Climate experts predict that, due to climate change and the predicted return of the El Nino weather phenomenon, the world's average temperature might break a new record in 2023 or 2024.
According to climate projections, the globe will witness a return to El Nino, its warmer counterpart, later this year following three years of the cooler La Nina weather pattern in the Pacific Ocean, which typically reduces global temperatures significantly.
El Nino occurs when winds moving west near the equator slow down, and warmer water is pushed east, raising the temperature of the ocean's surface.
Carlo Buontempo, head of the EU's Copernicus Climate Change Service, believes that El Nino, often linked to extreme global temperatures that shatter records, will probably occur in 2023 or 2024, according to Reuters.
Buontempo said climate models predict a return to El Nino temperatures in the late boreal summer and a significant El Nino by year's end.

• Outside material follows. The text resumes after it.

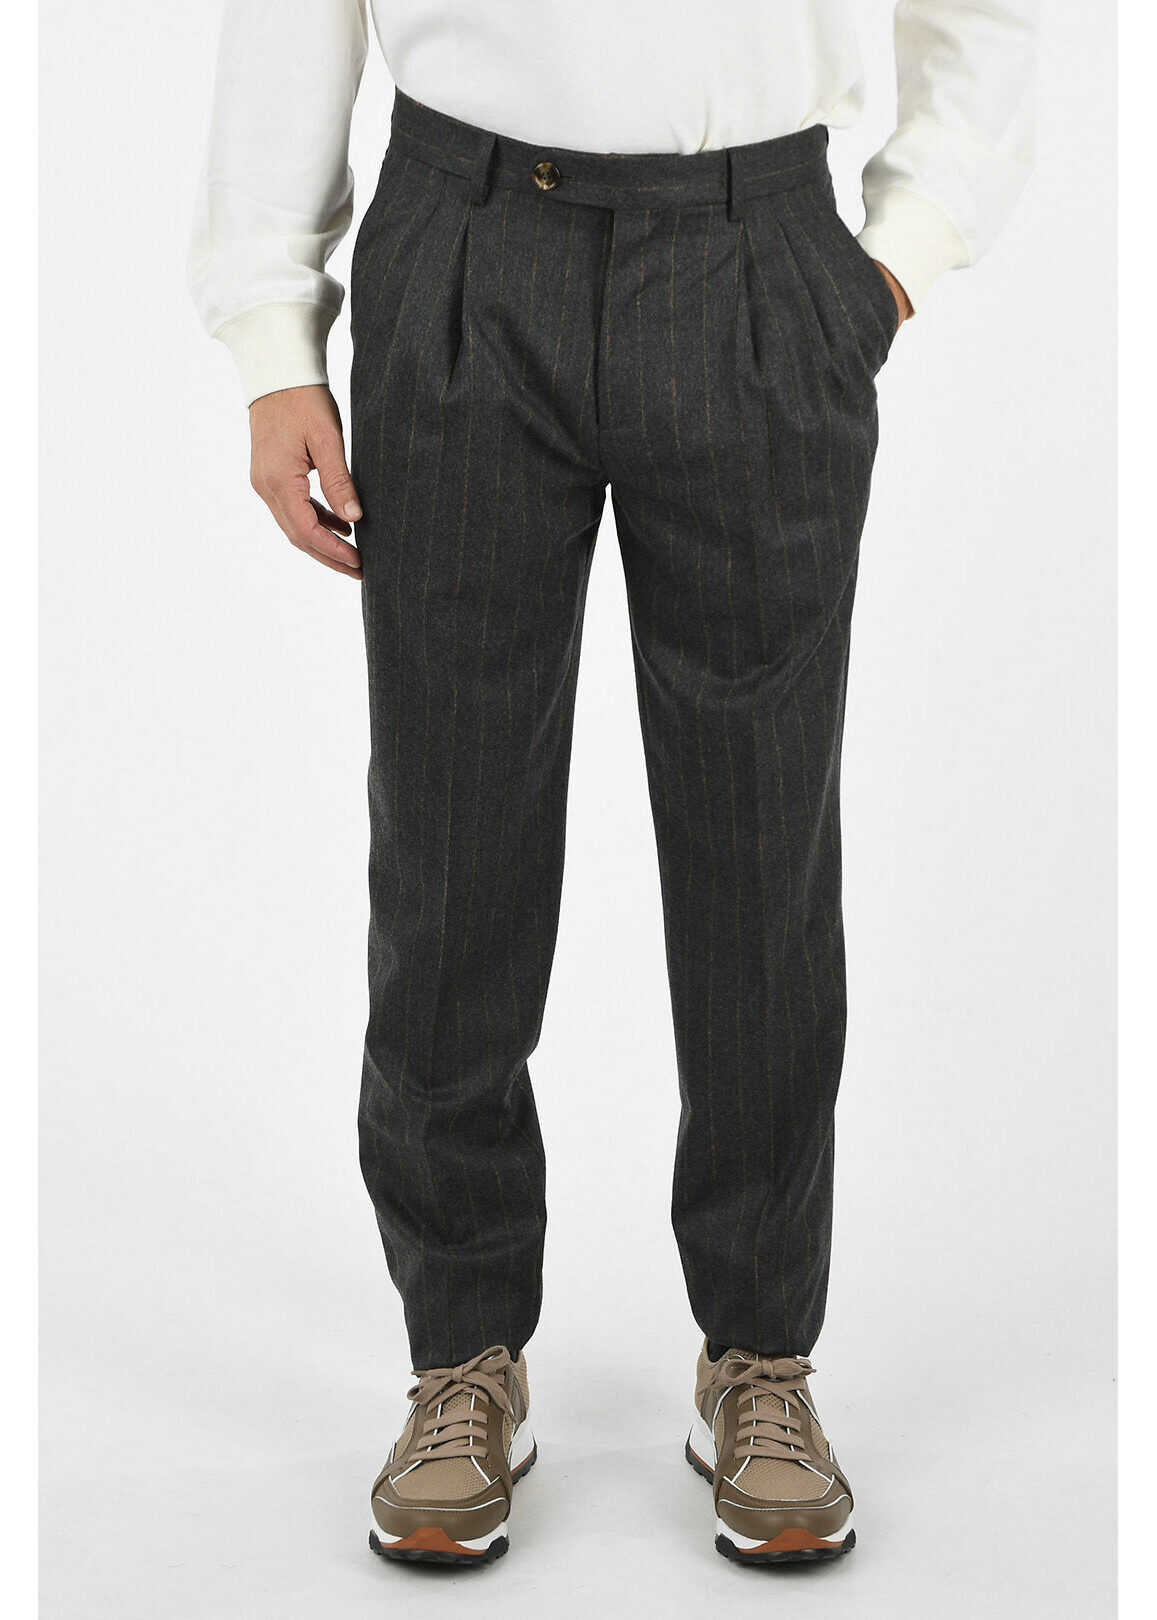 Brunello Cucinelli Wool Pin striped Pant GRAY imagine

Earth Continues To Heat Up
Global temperatures have increased, and severe weather events have become more frequent as a result of the El Nino climatic phenomenon.
While climate change has contributed to extreme temperatures in years without El Nino, 2016 is the hottest year on record, according to Euronews. Since then, the planet has continued to experience a warming trend, with the last eight years being the hottest ever recorded. Furthermore, ocean temperatures have reached unprecedented levels.
The climate pattern of the ocean and atmosphere also impacts global weather, leading to droughts in some regions and causing floods in others, leaving tens of millions of people needing relief, per Axios.